#### EXERCISE MATERIALS
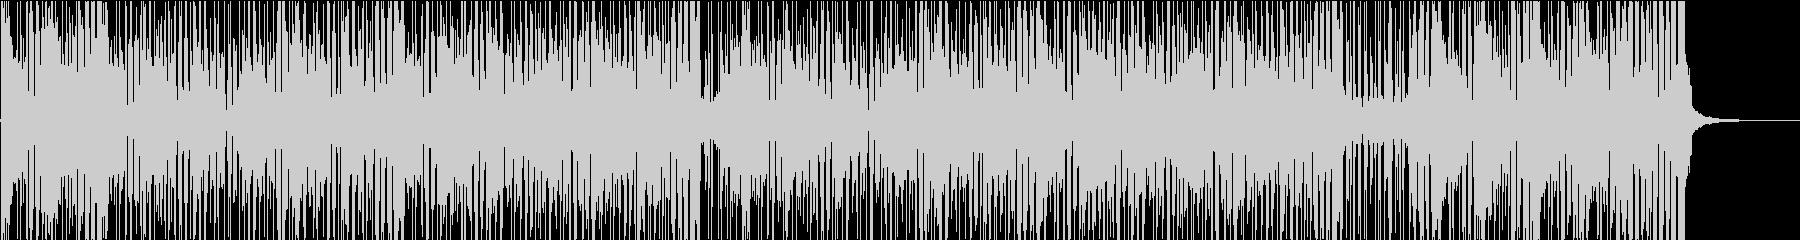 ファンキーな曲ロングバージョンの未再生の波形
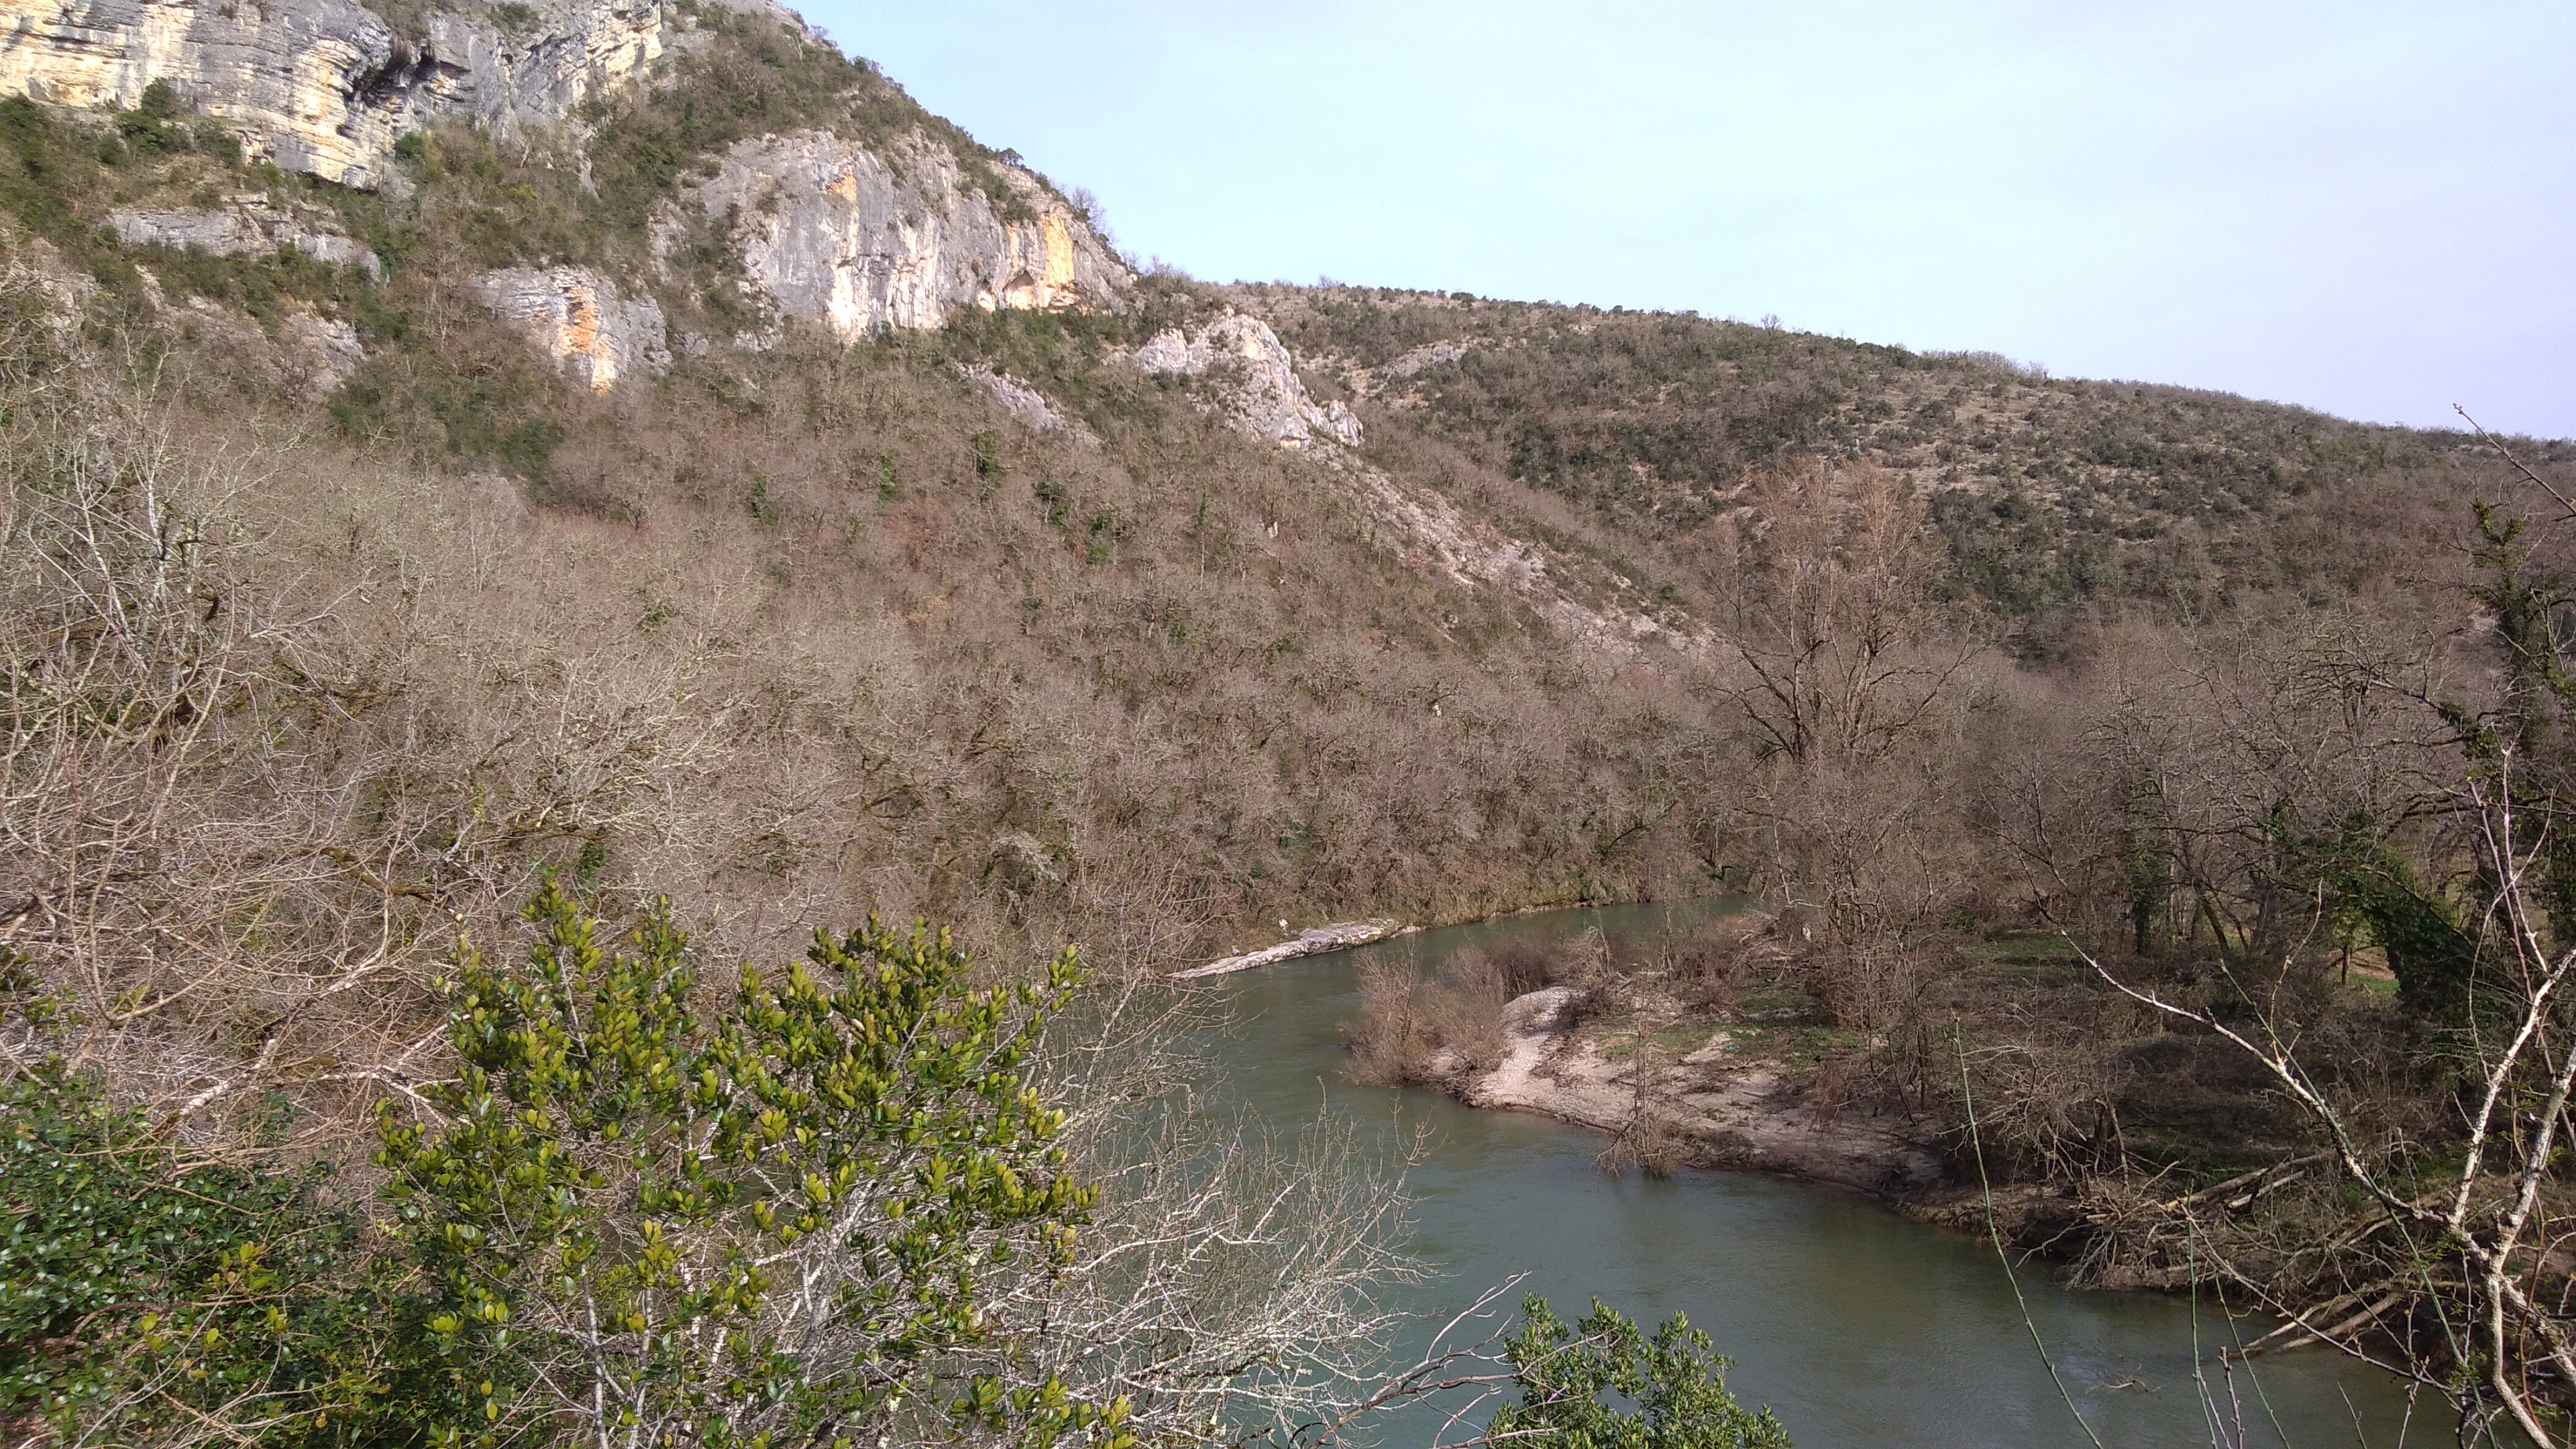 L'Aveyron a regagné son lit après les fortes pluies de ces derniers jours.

* * *

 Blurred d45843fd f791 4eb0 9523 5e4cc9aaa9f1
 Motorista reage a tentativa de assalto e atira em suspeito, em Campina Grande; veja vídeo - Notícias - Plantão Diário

#### INSTRUCTIONS TO FOLLOW
Each line between the one holding "ファンキーな曲ロングバージョンの未再生の波形" and the one holding "L'Aveyron a regagné", inclusive, should be copied exactly as it appears above, and pictures should be omitted.

#### OUTPUT FOR THIS TASK
 ファンキーな曲ロングバージョンの未再生の波形
 L'Aveyron a regagné son lit après les fortes pluies de ces derniers jours.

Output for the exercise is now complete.